Flue gas, from gas approach (3) inflow heat exchanger housing (1), finally flows out from exhanst gas outlet (11);

Cold water, from water inlet pipe (4) flow ipe group (2), converges again after shunting, finally flows out from outlet pipe (5) in pipeline group (2).

2. a kind of gas heater soot condensing type waste heat recovery heat-exchanger rig according to claim 1, is characterized in that: described exhanst gas outlet (11) place is provided with smoke discharging pipe (12).

3. a kind of gas heater soot condensing type waste heat recovery heat-exchanger rig according to claim 1, is characterized in that: on the lateral surface of described heat exchanger tube (6), the cross section of vertical rib is rectangle, triangle or other shapes.

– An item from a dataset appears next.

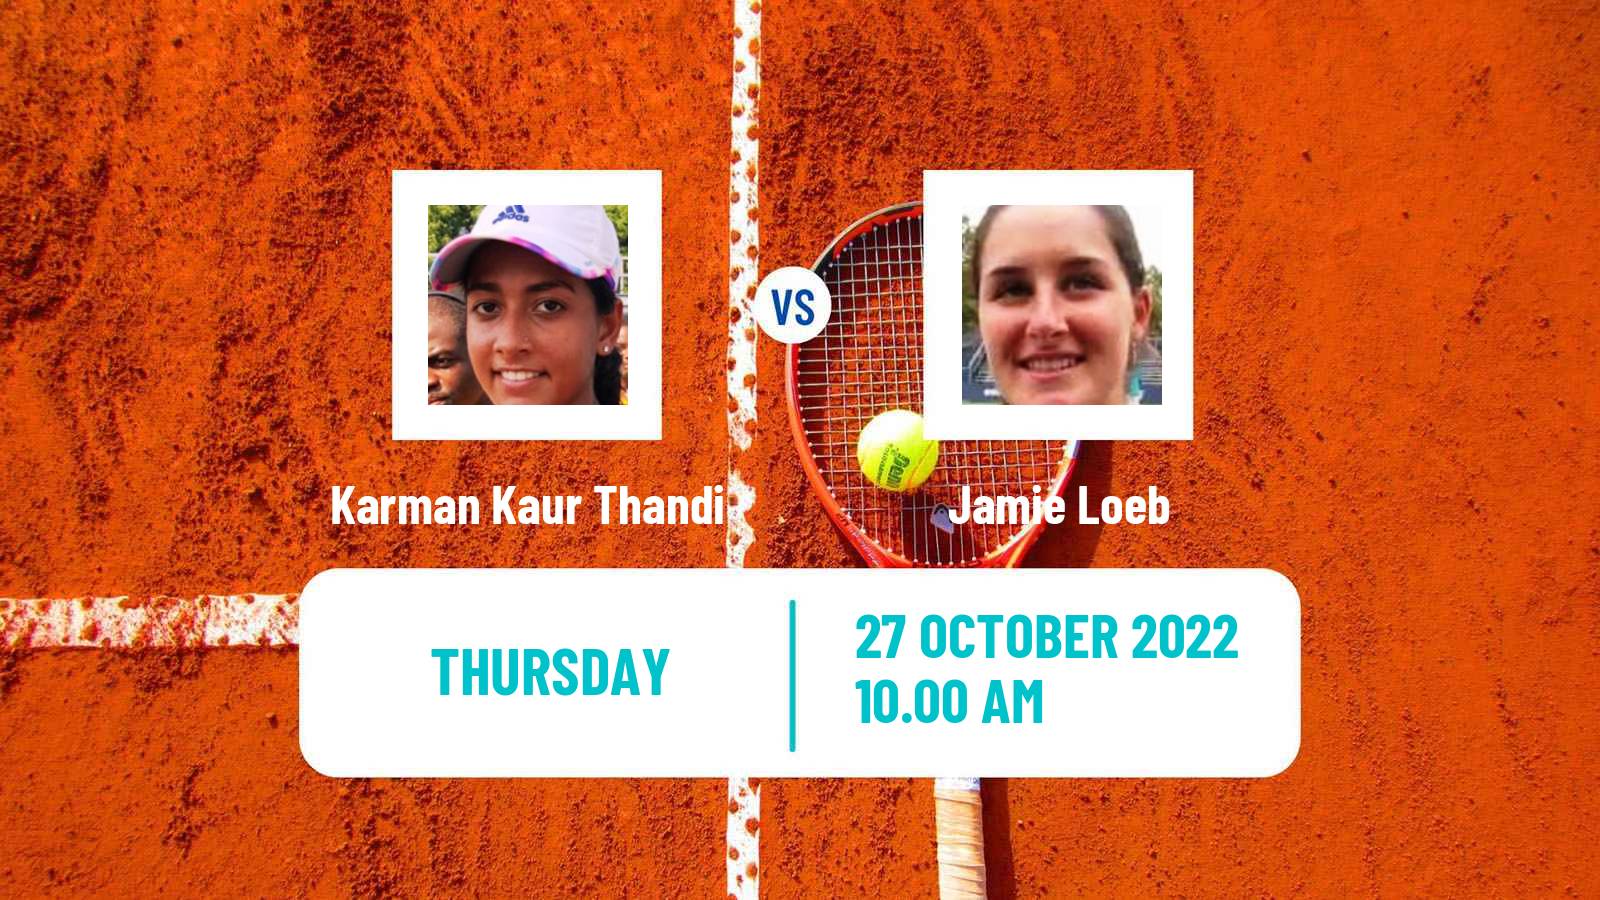 Tennis ITF Tournaments Karman Kaur Thandi - Jamie Loeb

4. a kind of gas heater soot condensing type waste heat recovery heat-exchanger rig according to claim 1, it is characterized in that: after described pipeline group (2) and outlet pipe (4) and water inlet pipe (5) link into an integrated entity, only have delivery port and water inlet, all the other pipelines are all closed.

5. a kind of gas heater soot condensing type waste heat recovery heat-exchanger rig according to claim 1, is characterized in that: described upper strata communicating pipe is all vertical with water outflow manifold, and described lower floor communicating pipe is all vertical with water inlet distributing pipe.